There is another level, the above was between an application and an end user. What about us providing this information to the application. The developers, when they come across the data source, would also want to know ‘provenance, traceability and context’. I’m aware there are ways to assert this in the Linked Data and SPARQL results we will (hopefully) provide. This is something I know nothing about, but I presume there will be a way for us to assert that we (the data providers) are also the people managing the collecting the data is about.

(aside: interesting question, what if some copied the data, and made the same assertion, but made a few changes as well? And is this any different to what could happen to anything else on the web?).

My final thought is that our data, and hence the statements/facts we assert in Linked Data triples is all about our collection.

This is unlike, say, LD of a Library Catalogue which may state: ‘the publisher of Harry Potter is Bloomsbury’. This ‘fact’ has no direct reference to the Library in question. As it gets used (ie referred to) in the Linked Data linky world the owner may be lost (lack of credit) and the reliability of the source unknown.

However for us, I think a lot of the facts that we state will in some way be about the content held in the MOA. For example the Survey “detailed record of everything panel did between rising and going to bed on the 12th of the Month” was carried out in “September 1937” ( http://specialcollections.lib.sussex.ac.uk/CalmView/Record.aspx?src=DServe.Catalog&id=SxMOA1%2f3%2f9 ).

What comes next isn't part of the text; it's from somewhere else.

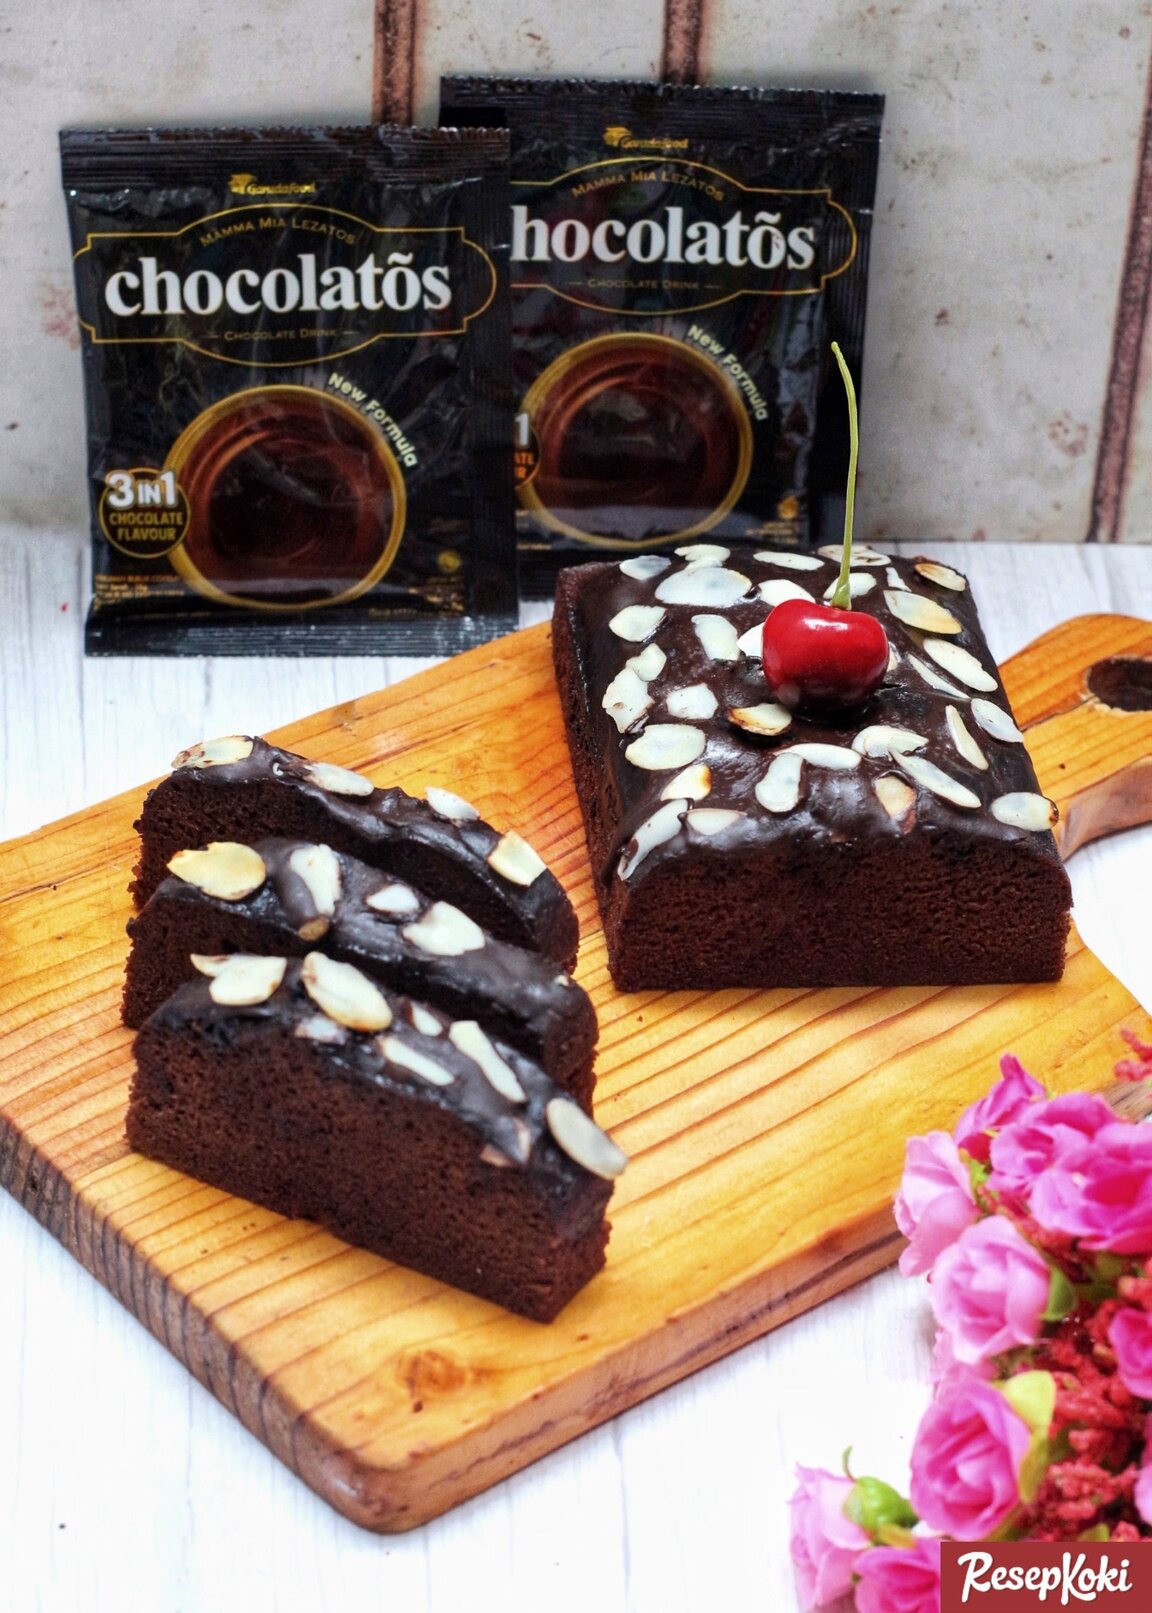 Gambar Hasil Membuat Resep Brownies Chocolatos

My point here is that the risk that our data ‘out there’ gets detached from us may be less so than others. Though this may just be naïvity and ignorance.

Chris.
SALDA Project says:

April 11, 2011 at 11:18

[…] to Alexandra and Owen for their thoughts, and please see Chris Keene’s comment also. This issue was never going to be straight forward and any discussion about licencing makes […]
Jane Stevenson says:

April 19, 2011 at 08:03

Hi to all there at SALDA,

I’m still grappling with the licensing issue with the Hub – made more complex by being an aggregator, but still essentially the same issues. Although one issue for us is actually whether we are in a position to licence the data at all!
Some thoughts:

1) Have you done a risk register? I’m thinking of doing this to share with our contributors – Owen was arguing that you have to think of the worst that can happen and the consequences of that, so it seems like a sensible step.

2) If, for example, I think about the content of the administrative/biographical history, I worry that with an open licence others can just take work like this and use it for financial gain – it is the ‘creative’ area of work for archivists – an investment for them. However, I keep coming back to the Linked Data vision and the need to take the risk in order to be part of the fully open data movement.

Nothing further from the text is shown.